▶ _Exercise_:
Exact copies of the lines below, from the one with "Friederike Maria Beer" up to and including the one with "Bezpečnostné sandále Panda", are what this calls for; leave out pictures.

▶ _Data to process_:
=== Section Start ===

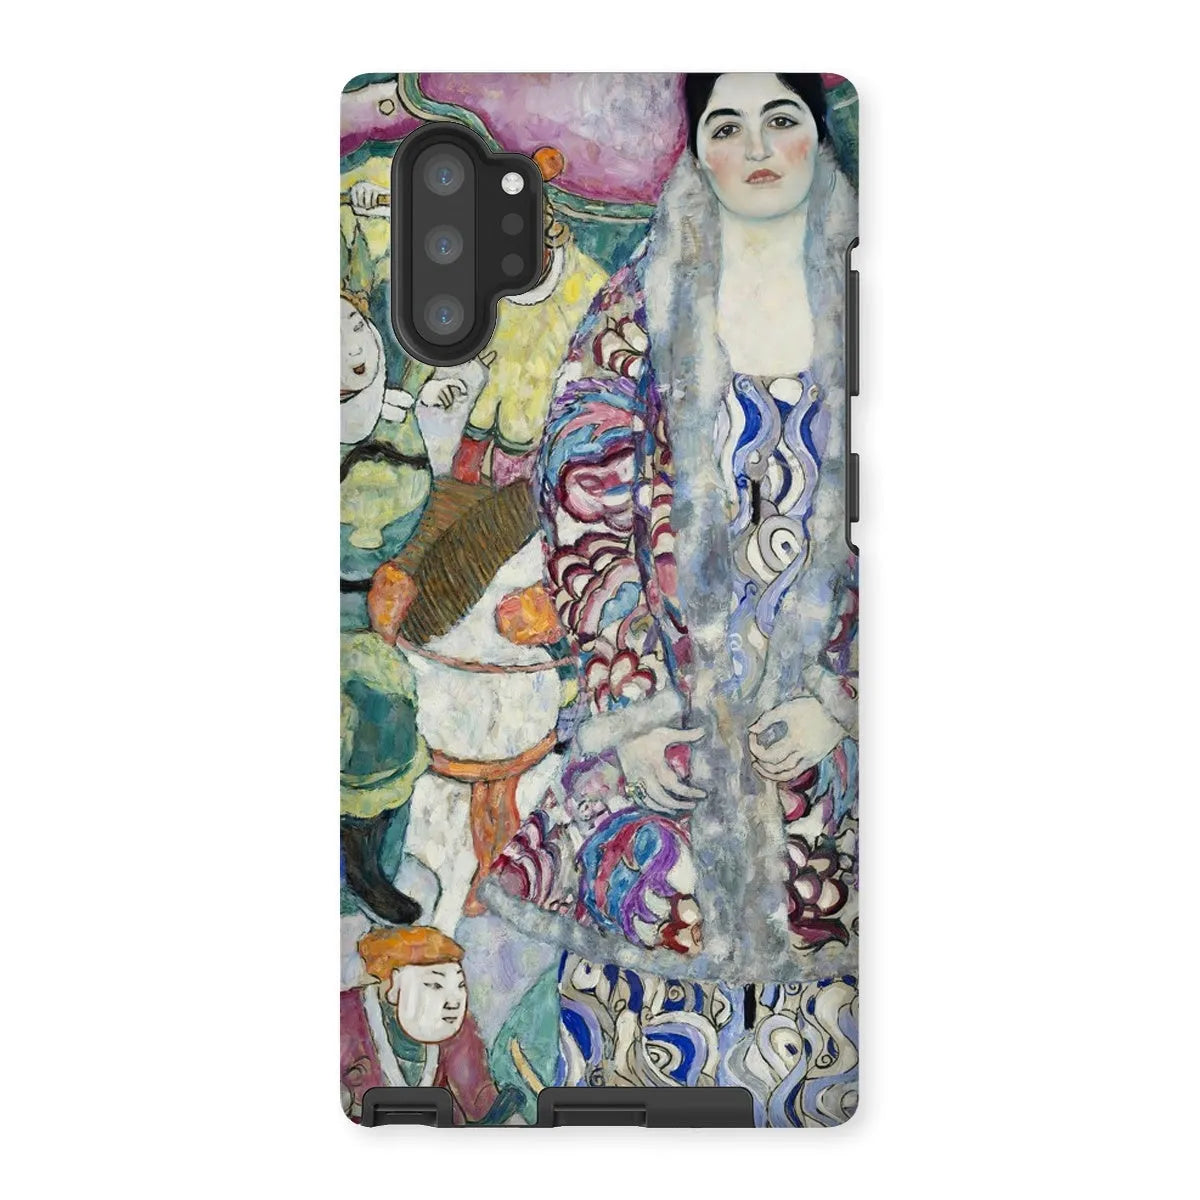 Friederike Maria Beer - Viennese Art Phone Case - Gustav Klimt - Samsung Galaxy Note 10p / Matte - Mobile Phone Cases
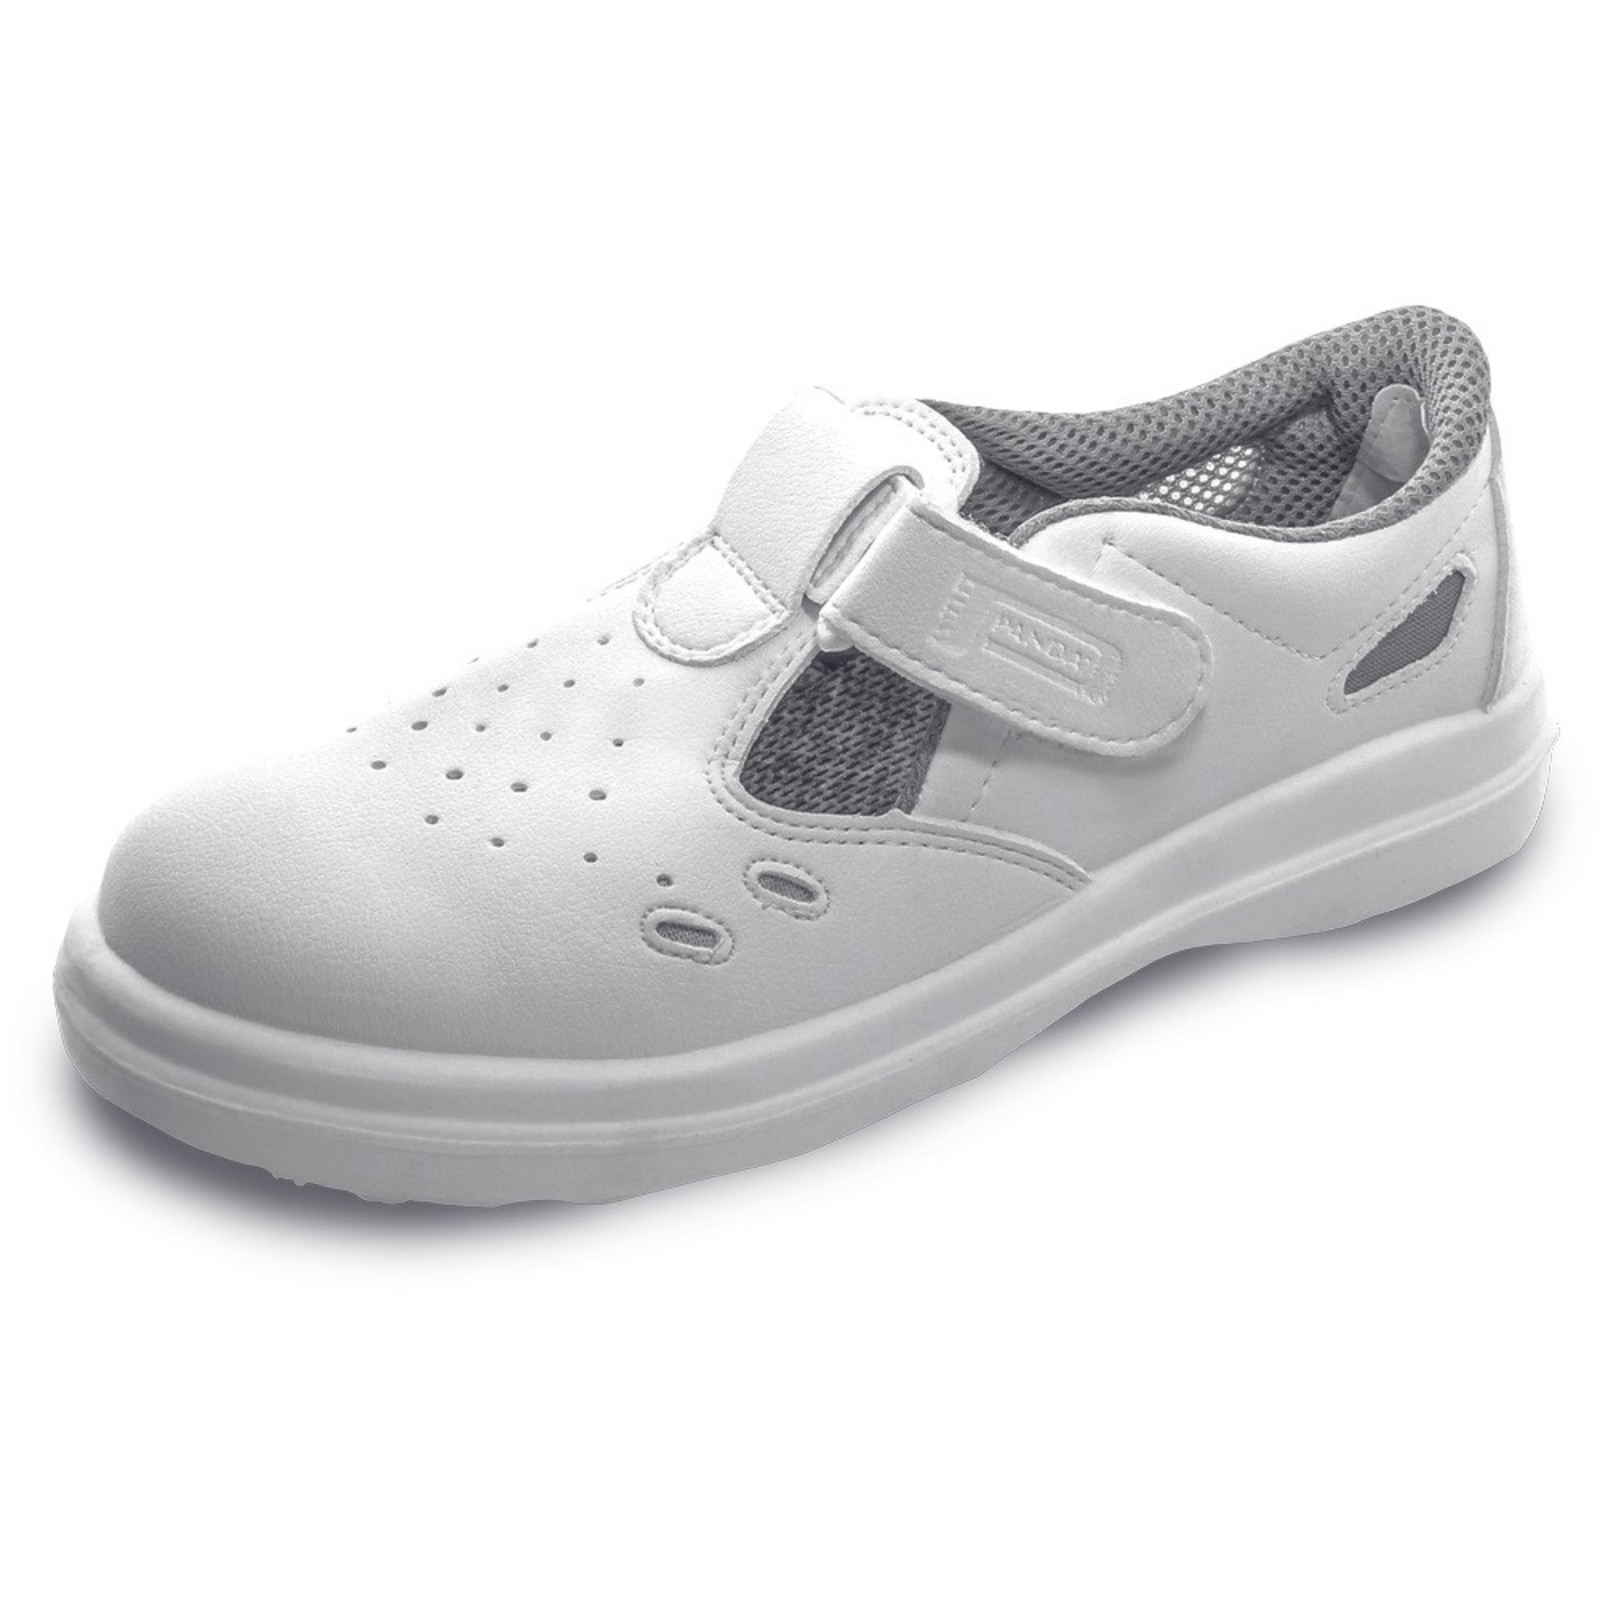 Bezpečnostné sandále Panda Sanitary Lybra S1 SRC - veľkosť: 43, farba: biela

=== Section End ===
=== Section Start ===

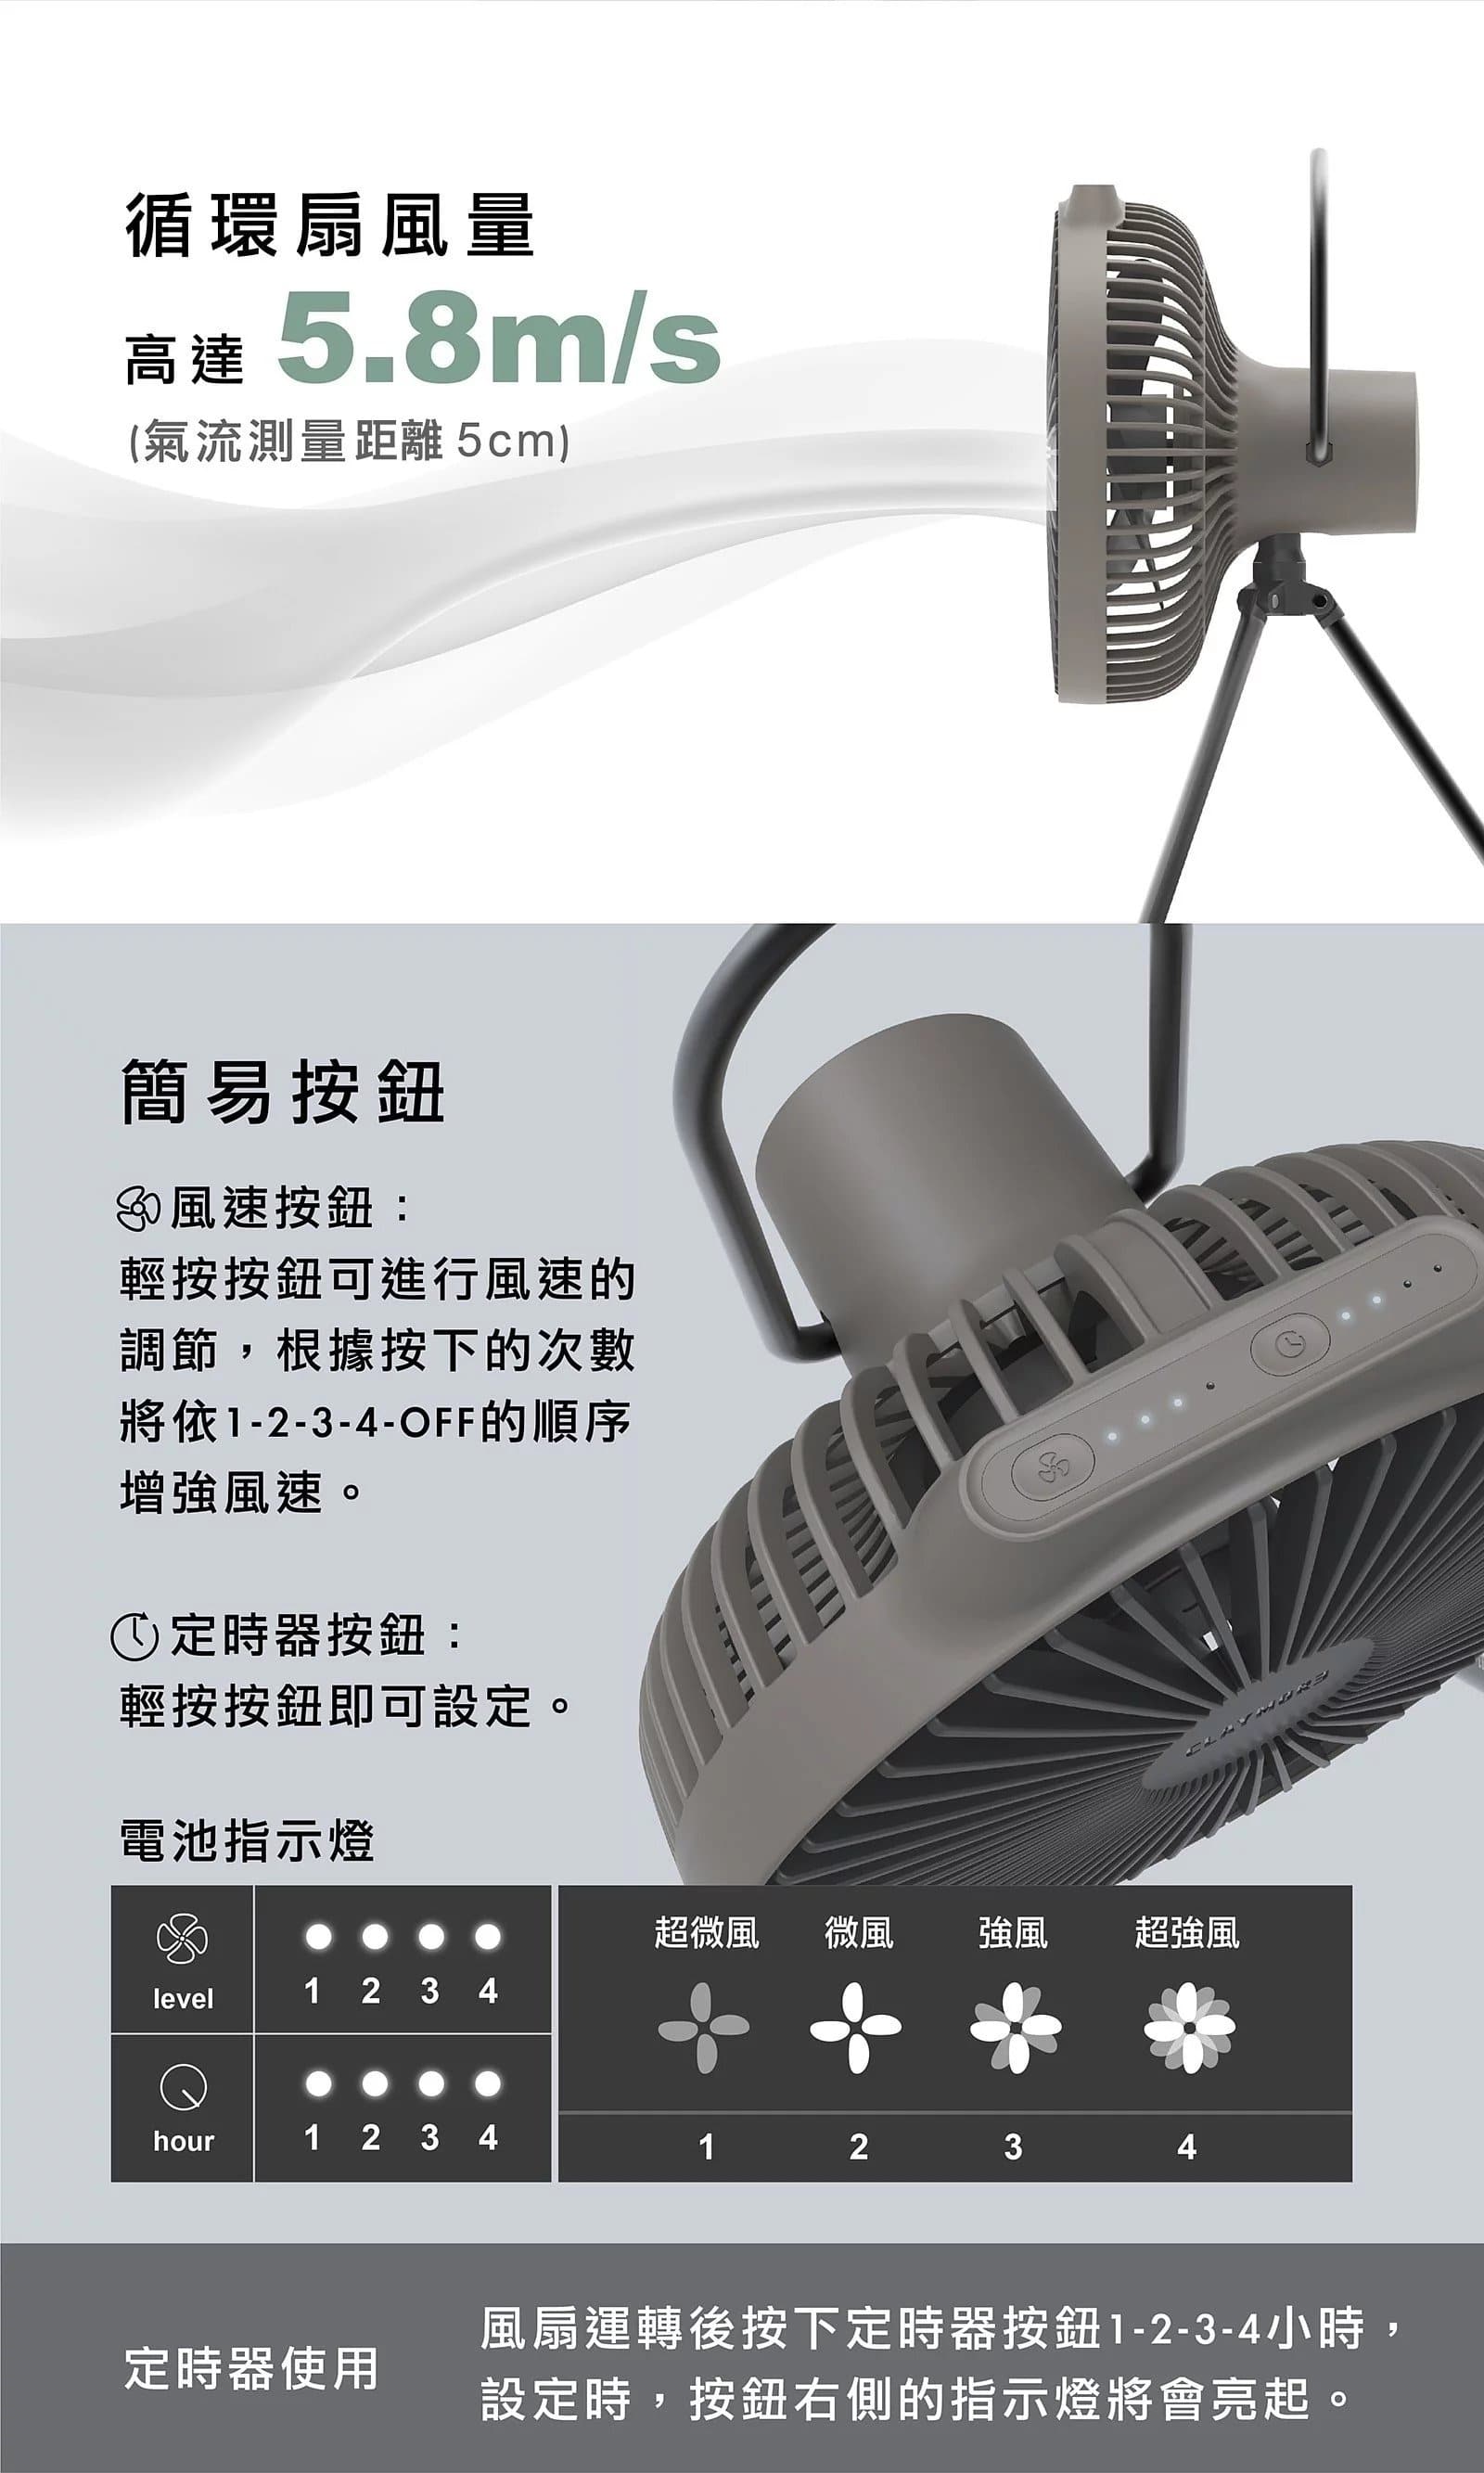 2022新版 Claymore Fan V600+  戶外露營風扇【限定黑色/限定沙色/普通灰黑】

=== Section End ===

▶ _Answer to this problem_:
 Friederike Maria Beer - Viennese Art Phone Case - Gustav Klimt - Samsung Galaxy Note 10p / Matte - Mobile Phone Cases
 Bezpečnostné sandále Panda Sanitary Lybra S1 SRC - veľkosť: 43, farba: biela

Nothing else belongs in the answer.